The Tanning of America
Page 28
The “I’m Lovin’ It” lifestyle campaign had broken so many rules and had been so successful that I’m sure there were many at McDonald’s who doubted if it could ever be topped. When they approached Translation in 2004 about how they could recreate the excitement of Justin Timberlake’s launch, we switched the approach and aligned the brand with Destiny’s Child—with Beyoncé Knowles, then the lead singer of the three-girl group that had already sold forty million records worldwide and were seen as iconic in the worlds of entertainment, fashion, and music.
McDonald’s thus became the sponsor of Destiny’s Child’s upcoming worldwide tour, which was aptly entitled “Destiny Fulfilled and Lovin’ It.” The group was enlisted to serve as the global ambassadors of McDonald’s annual fund-raiser, World Children’s Day. When the album, Destiny Fulfilled, was released in November 2004, there had been rumors that it would be the trio’s final release and fans rushed to purchase it; eventually six million copies were sold worldwide. With rave reviews as well, by the time that the tour started in the spring of 2005, the concert tickets were among the most coveted in recent years.
The “I’m Lovin’ It” lifestyle and mind-set, alive and well at this writing, secured McDonald’s position as a brand and industry leader—because executives were brave enough to lead with ethnic insights and embrace the rich psychographics of a tanner America. The inclusive thinking allowed urban youth culture to come back to the cool that had been there from the start, and McDonald’s to offer new menu choices, with more diverse flavors and healthier options (smoothies, salads, snack wraps), while keeping core consumers feeling better about healthy, more active lifestyles for themselves and their children.
Some of these changes came about, rightfully so, in response to the negative reports from health organizations about rampant youth obesity plus widespread criticism of fast food in general and McDonald’s in particular, especially with the films Super Size Me (2004) and Food, Inc. (2008). Given those dynamics, we weren’t sure what kind of fiscal read there would be to show how effective the marketing had been for the “I’m Lovin’ It” campaign. Lo and behold, in 2008 McDonald’s stock hit $67 a share, a 198 percent improvement from the $22.45 that it was trading at five years earlier.

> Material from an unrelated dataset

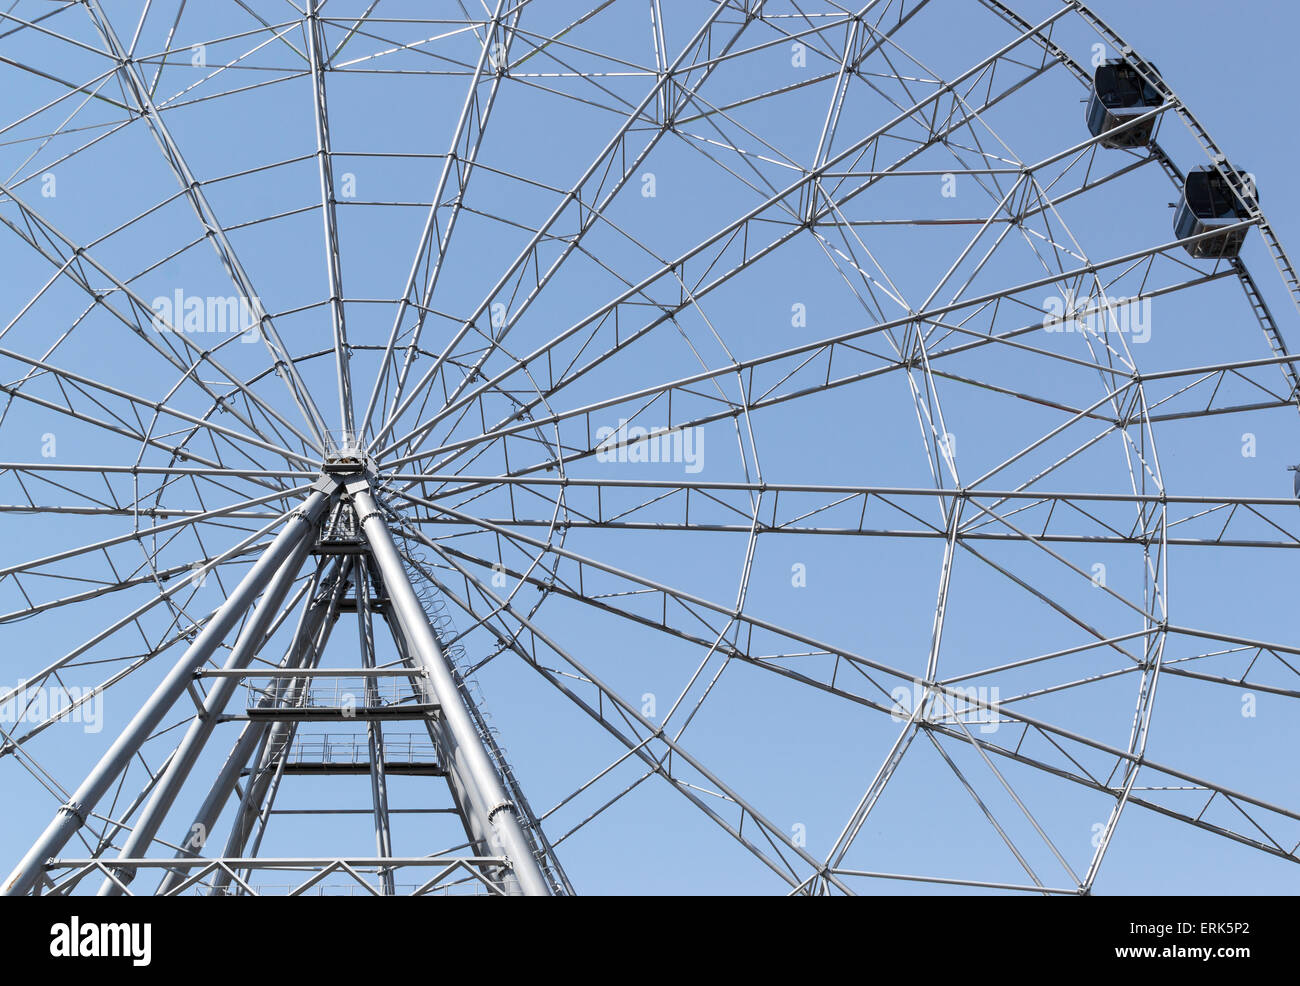 Sommer Ferris Whell in Ufa-Russland gegen einen blauen Himmel ohne Wolken Stockfoto

Meanwhile, one of the ongoing changes being discussed that was near and dear to my heart came from the stories that I heard when we interviewed McDonald’s employees who lived in urban neighborhoods. I was convinced that if the brand really wanted to align itself meaningfully to the lives of millennials and remain aspirational, they had to do something about the outdated, conservative uniforms. Kids told me in interview after interview that the outfits were an embarrassment. They were so ashamed, in fact, they would change out of their uniform to walk home. No one wanted to be seen in their neighborhood in clothes like that—for fear of being teased, bullied, or worse. Addressing the dire issue, I asked executives, “Why not dress employees in the kind of apparel that would make them proud to come to work and that would appeal to the consumers we’re trying to attract?” When I presented recommendations of people to design the new uniforms, I showed sketches from the same creative designers behind the Sean John clothing line and Russell Simmons’s Phat Farm apparel label.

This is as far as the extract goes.